- TASK ITEM
The reply should contain all the data below, repeated exactly, and none of the images.

- DATASET EXTRACT
..........

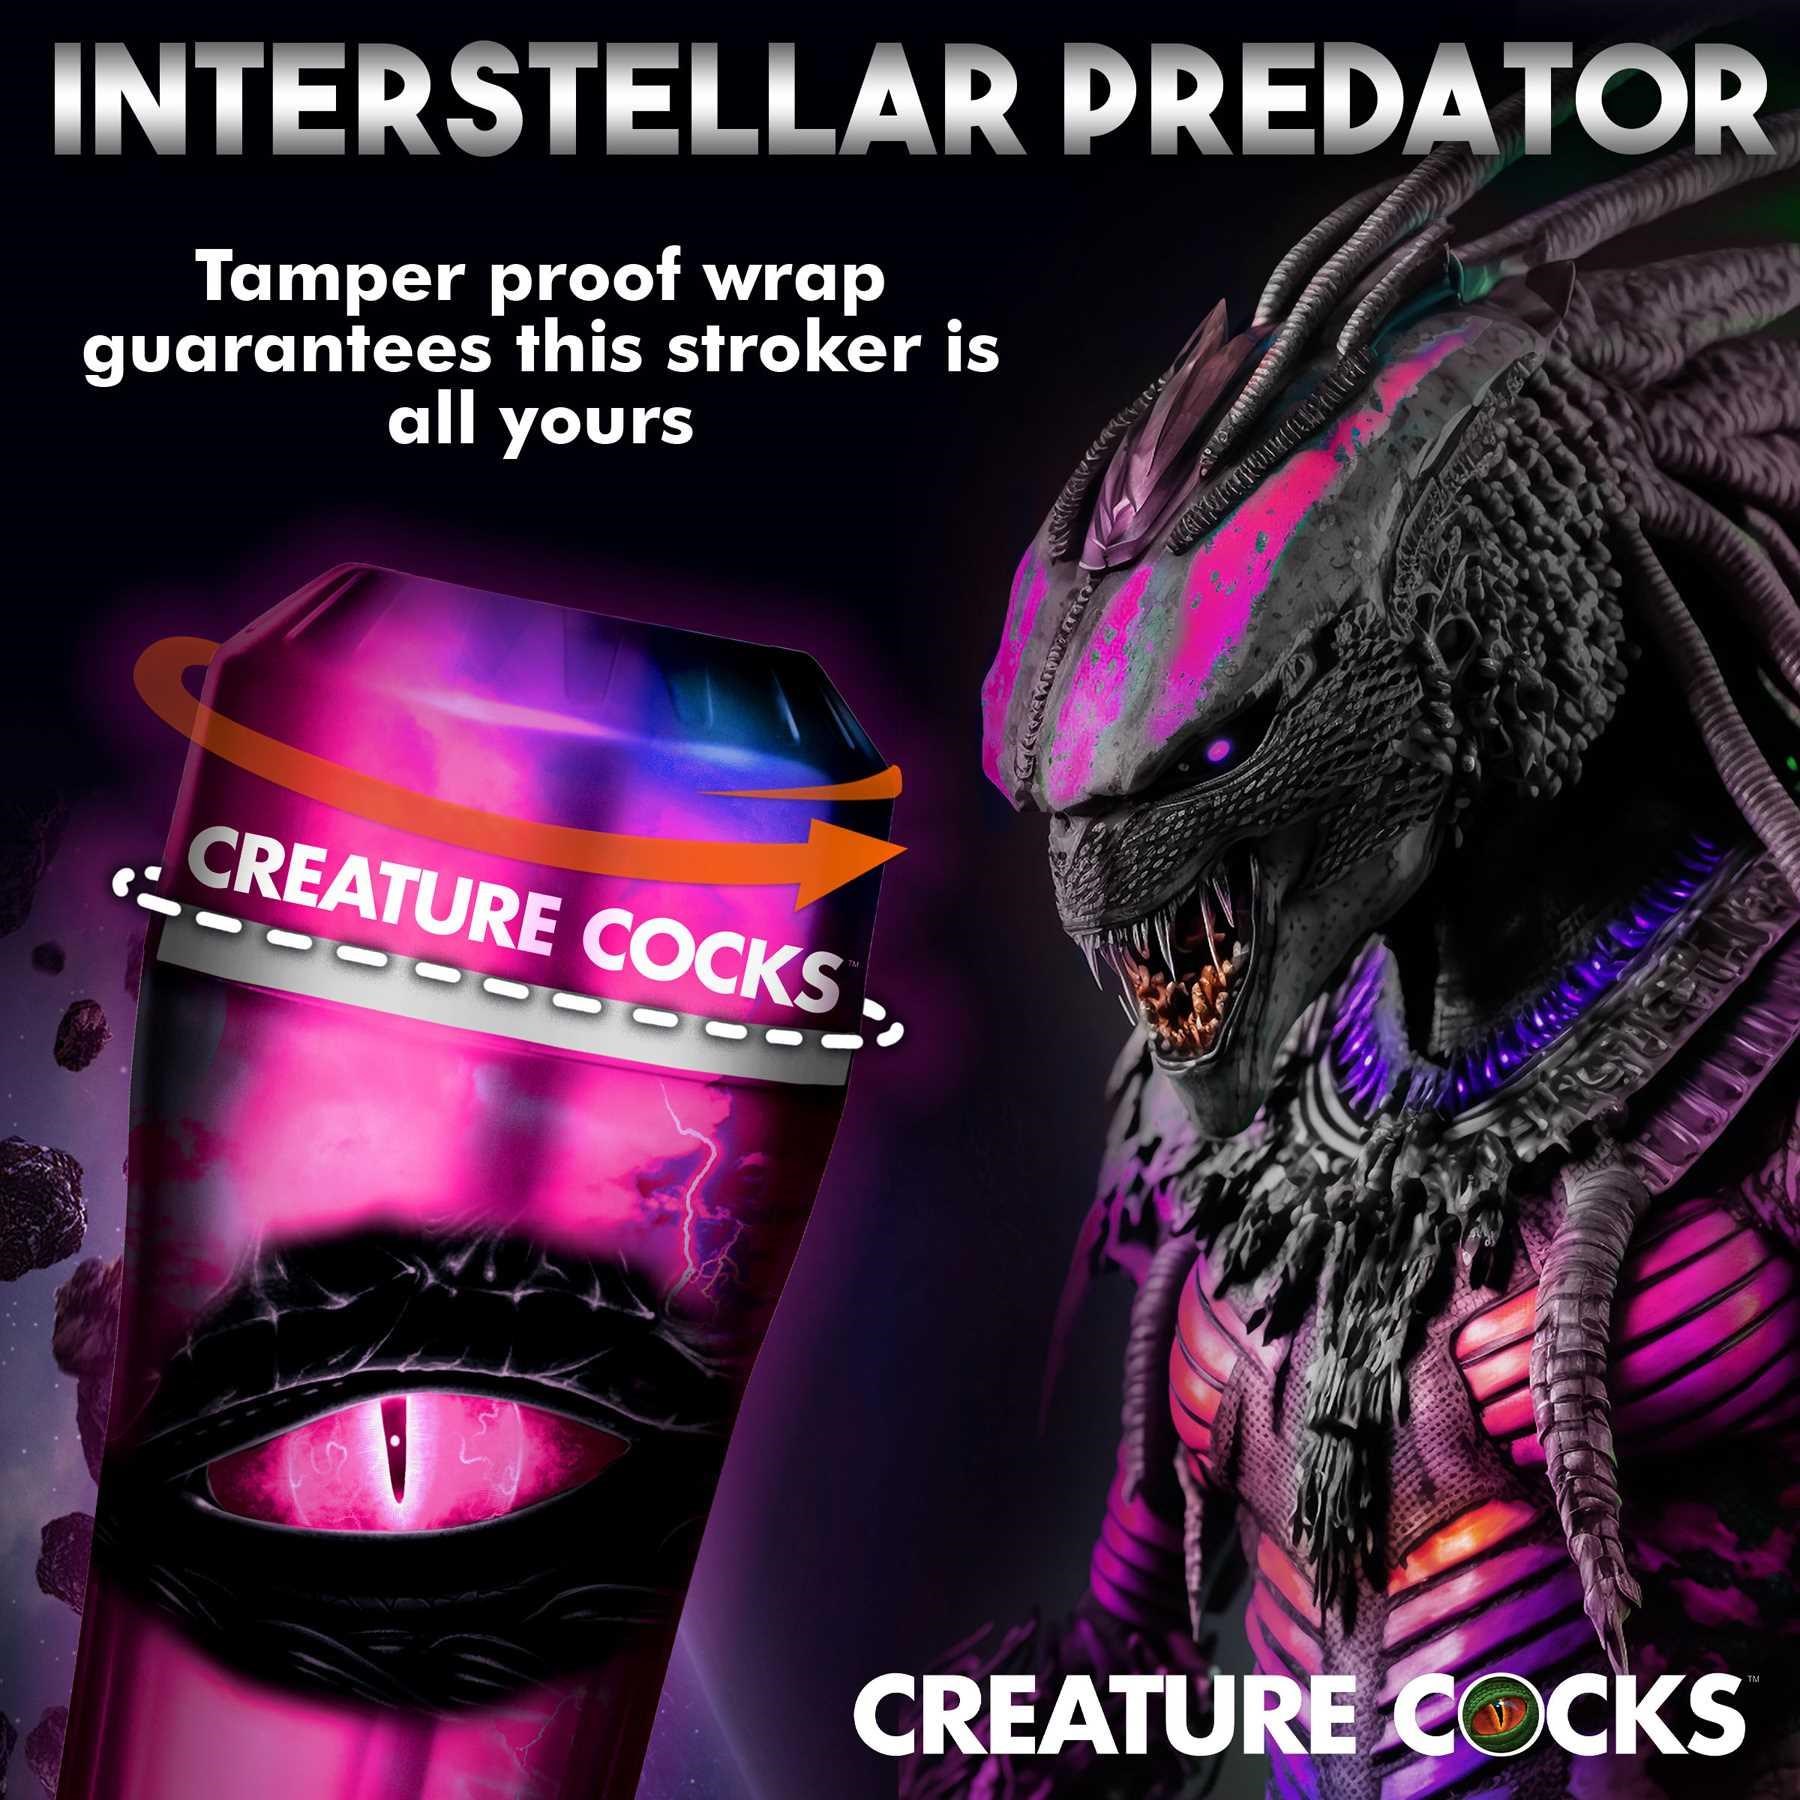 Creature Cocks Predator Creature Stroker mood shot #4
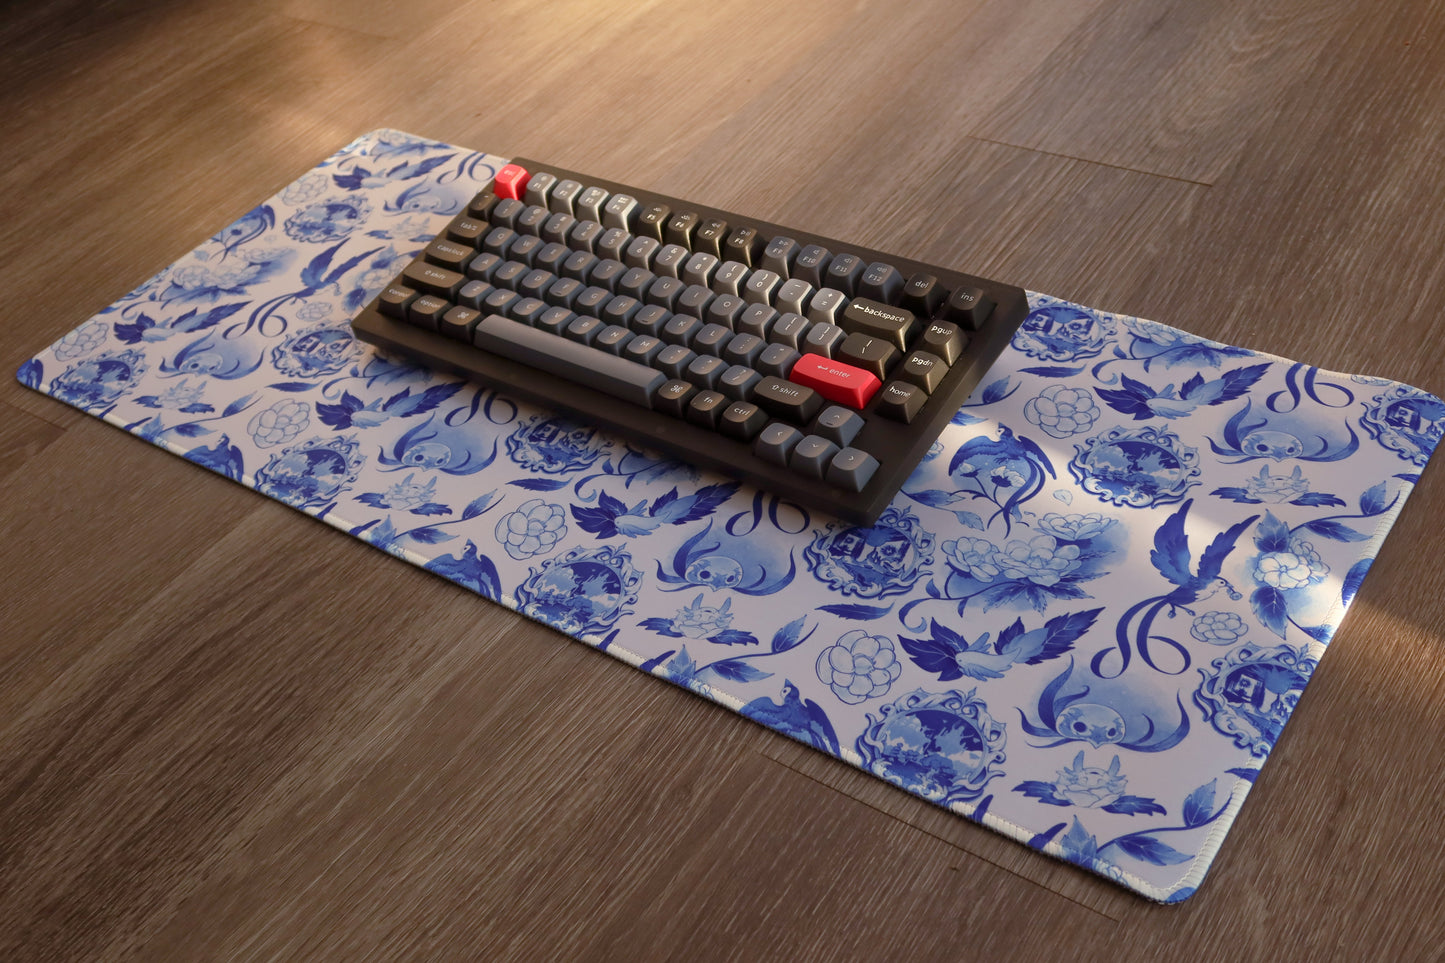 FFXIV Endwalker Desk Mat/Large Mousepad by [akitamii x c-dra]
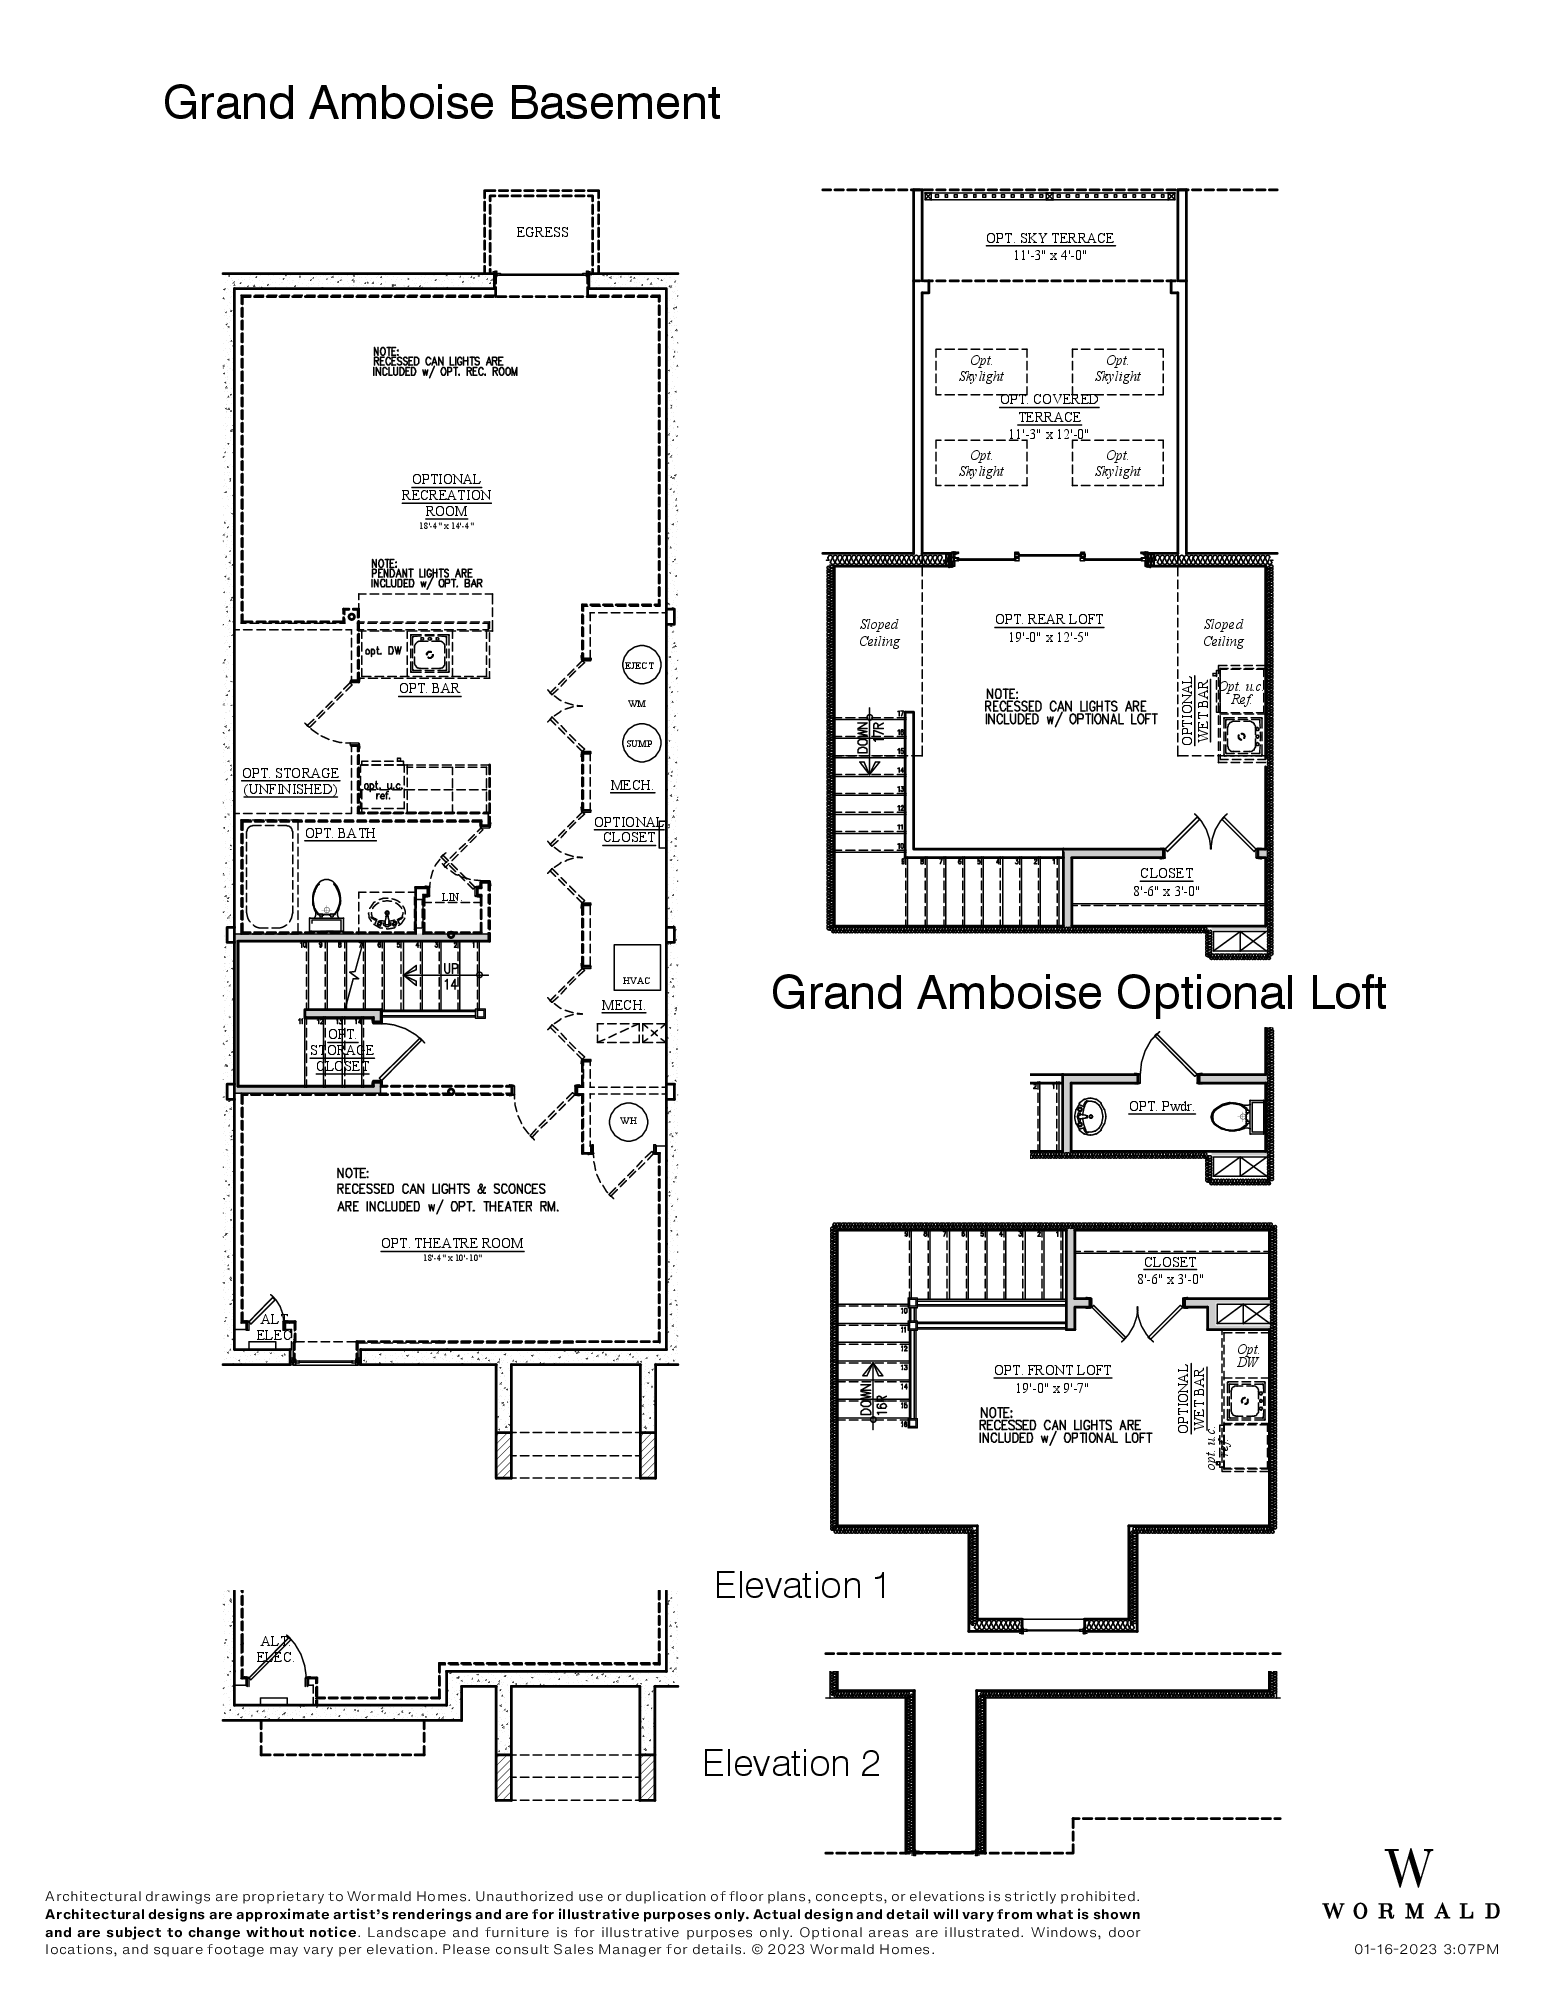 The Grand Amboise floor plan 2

..........

- RESULT OF THIS TASK
 Creature Cocks Predator Creature Stroker mood shot #4
 FFXIV Endwalker Desk Mat/Large Mousepad by [akitamii x c-dra]
 The Grand Amboise floor plan 2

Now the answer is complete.